Forays into Sentiment Analysis

I spent some time working with Rachael Tatman's "Sentiment Analysis in R" tutorial and wanted to blog here about some of the results.

Setting up

I had already done some basic text mining and tokenization of my State of the Union corpus (which, as I've mentioned before, is incomplete and inaccurate right now). Hilariously, Tatman's tutorial also used some State of the Union addresses as its corpus, although it only contains a few years' worth of SOTUs. I was working with about 215 - not the full set, but certainly a better sample size than the few in the tutorial. 

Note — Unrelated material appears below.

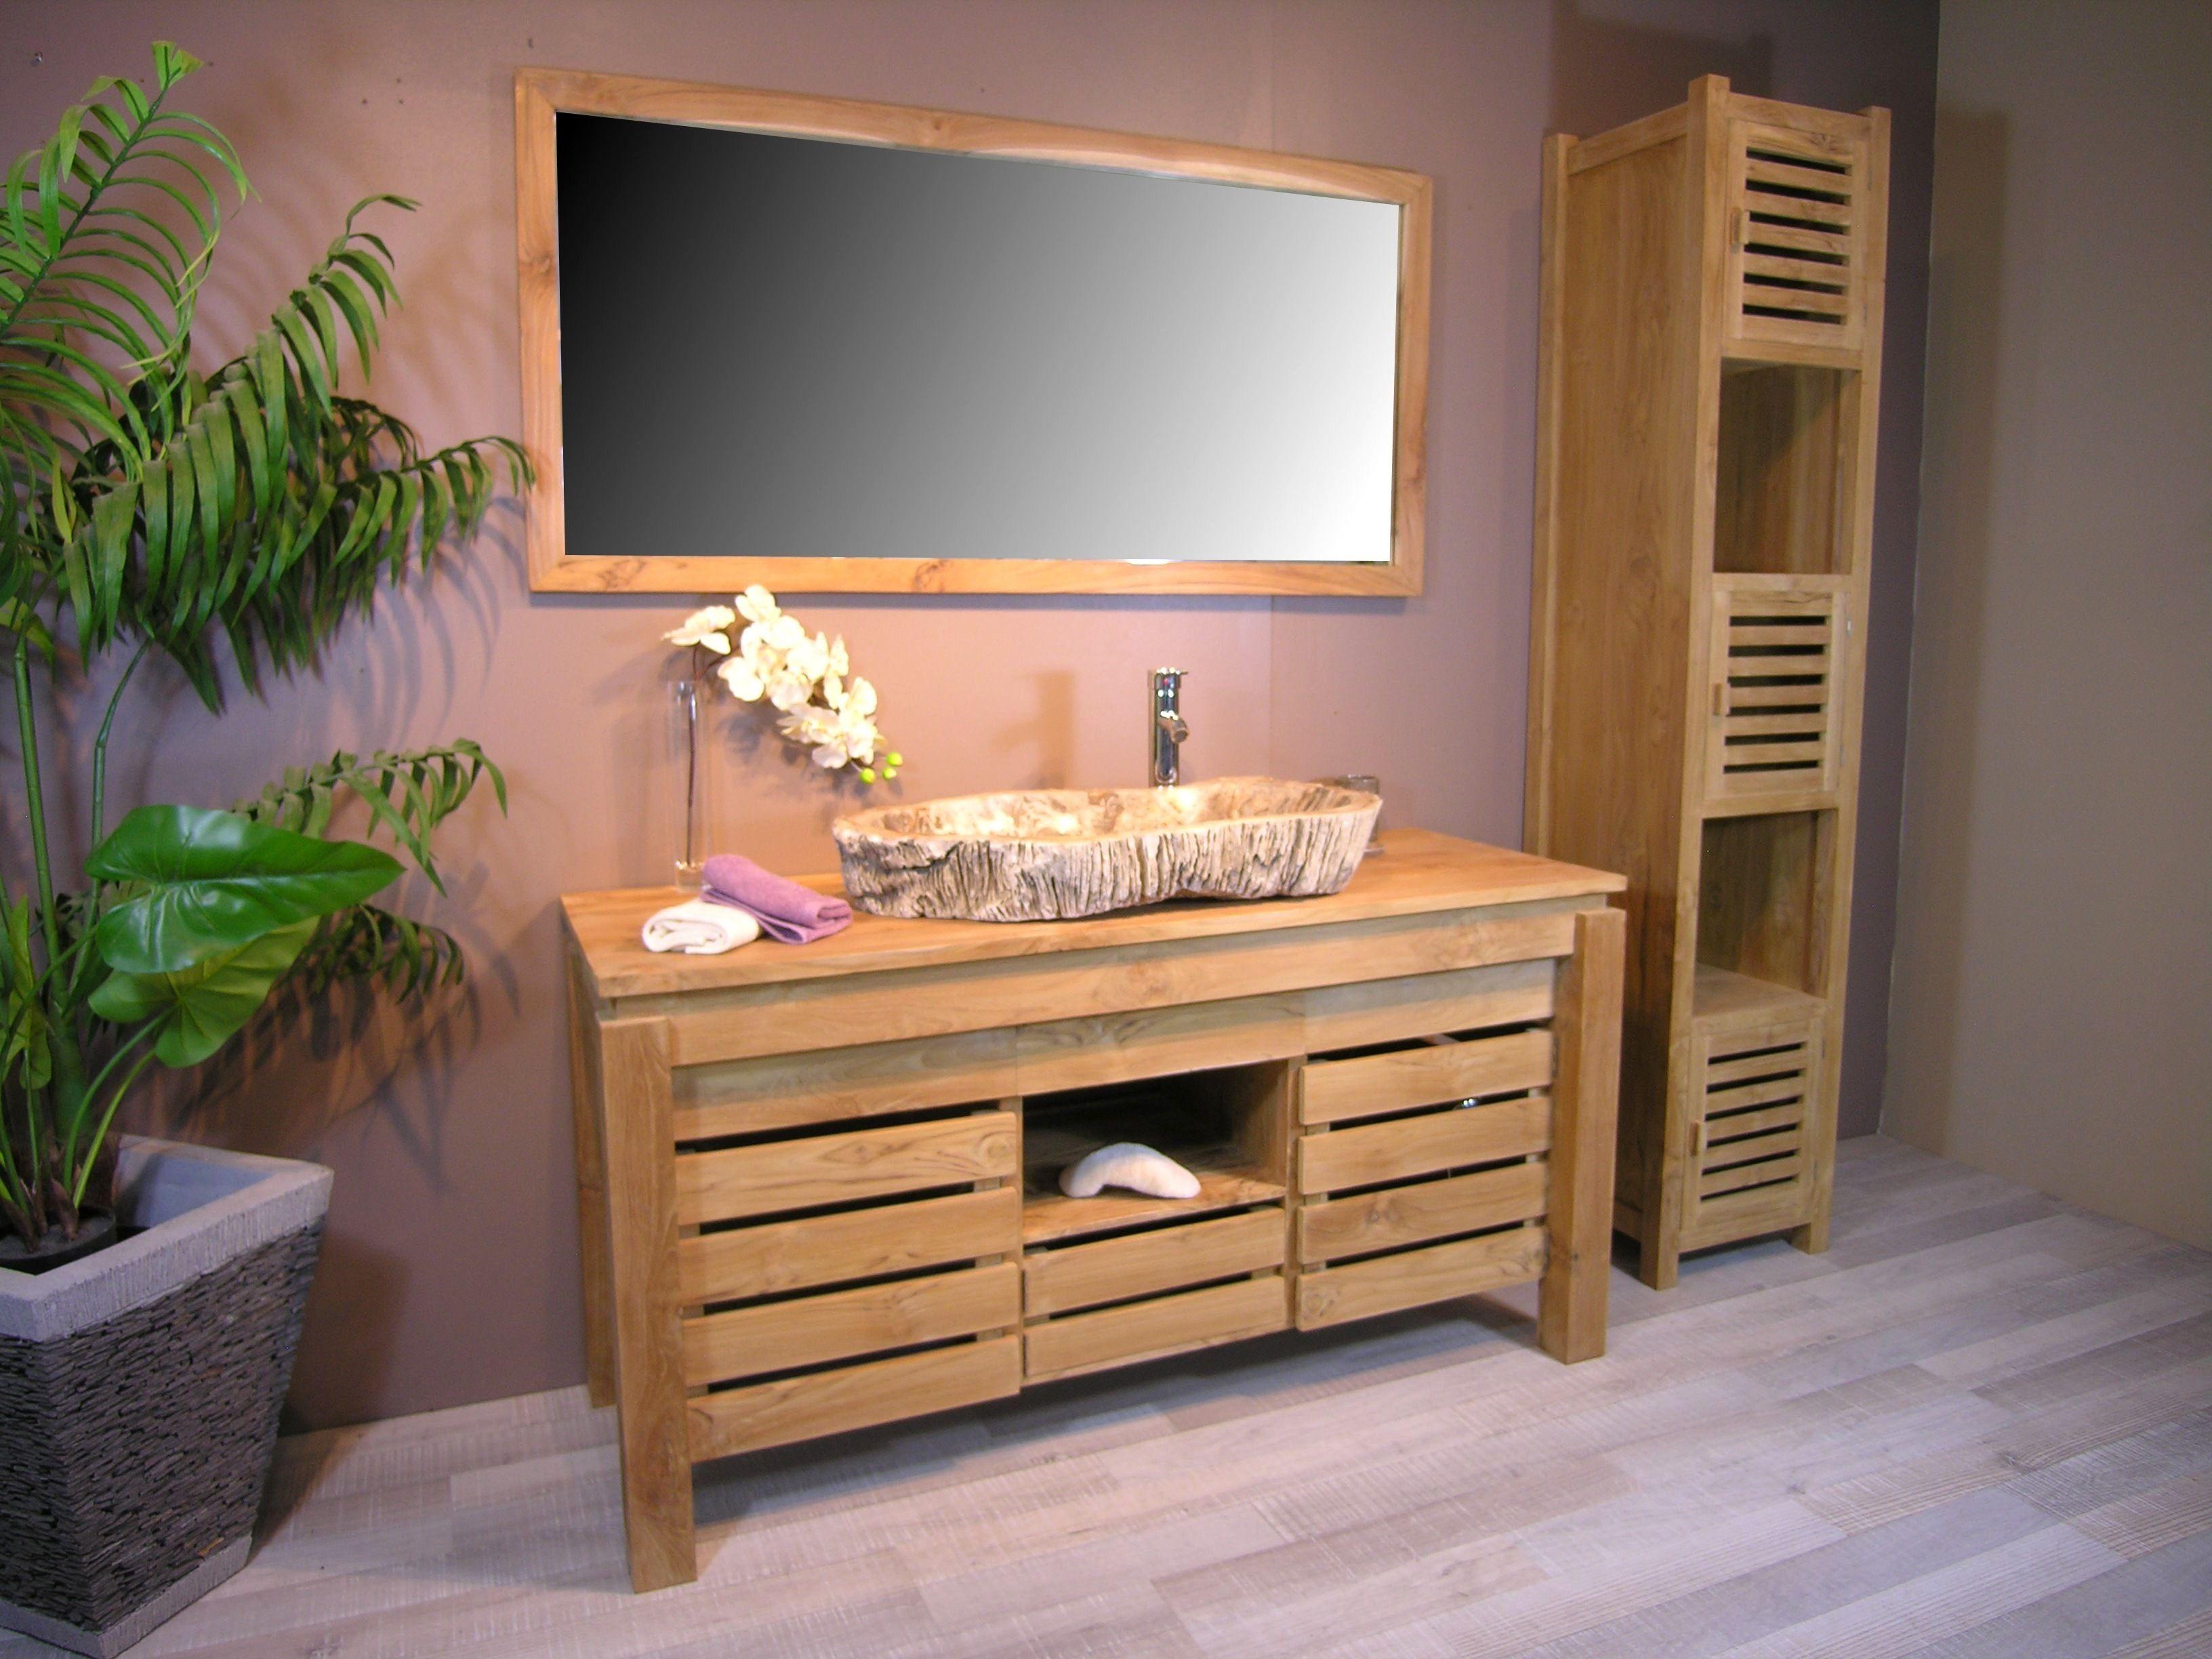 12 Ideal Meuble Palette Salle De Bain Pics Meuble Salle De Bain Salle De Bain Teck Meuble De Salle De Bain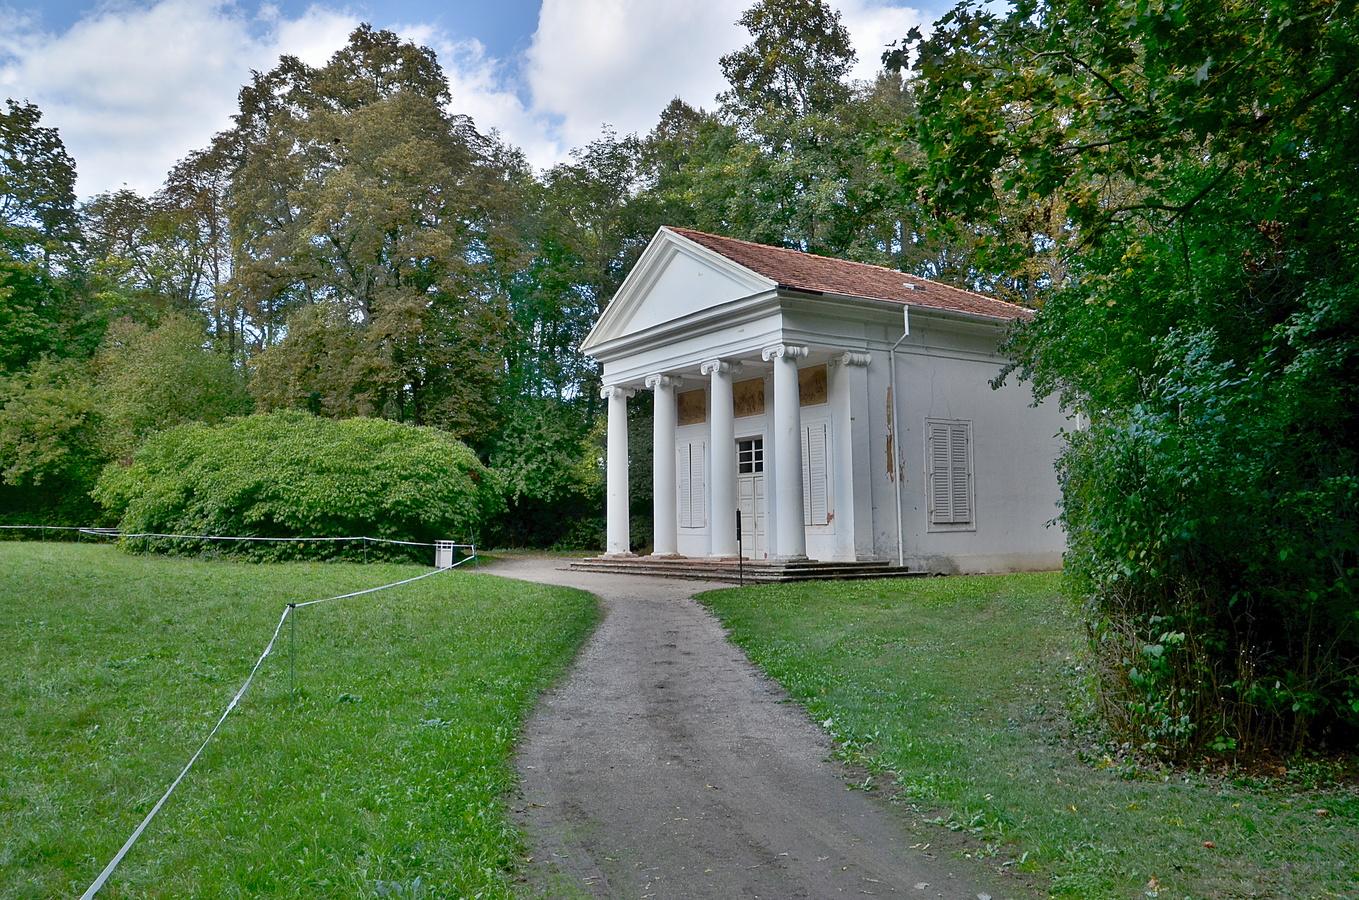 Panův templ

The first steps were just loading in the requisite R packages: tidyverse, tidytext, glue, and stringr. Tidyverse took quite a while to install and requires several attempts reading error messages, installing stuff with apt, trying to install again and waiting for the next error. It would be cool if I could install these packages through apt, or R had the ability to download its own dependencies (or even just a clearer error message!) but whatever. 

With those packages loaded, I used glue to write a "fileName" vector (I guess that's what we're calling them in R?) that includes the full file path and name, and a "fileText" vector that we then turn into a data_frame and tokenize into the vector "tokens." I also learned the fun-fact that dollar signs are a special character in R, and need to be escaped with \\ in order to operate on them. Hooray for learning! Really, I should have guessed/figured this out before, but I know now.

Counting Sentiments

The nice thing about tidytext was that I already had some sentiment lexicons loaded (well, "some" in theory, only "bing" worked for me) and ready to use. Happily, the sentiment analysis function worked on my first try, and was pretty fun:
Even though I'm really just executing instructions other people wrote, running this the first few times was a pretty satisfying feeling

But this also raised some questions. If this was just one list, how would other lists change the results? What exactly was this spread() function doing - Tatman's comments say she "made data wide rather than narrow" which, sure. I don't know what that means. Nonetheless, I was looking for proof-of-concept at this point, not a robust and fully theorized methodology, so I continued on.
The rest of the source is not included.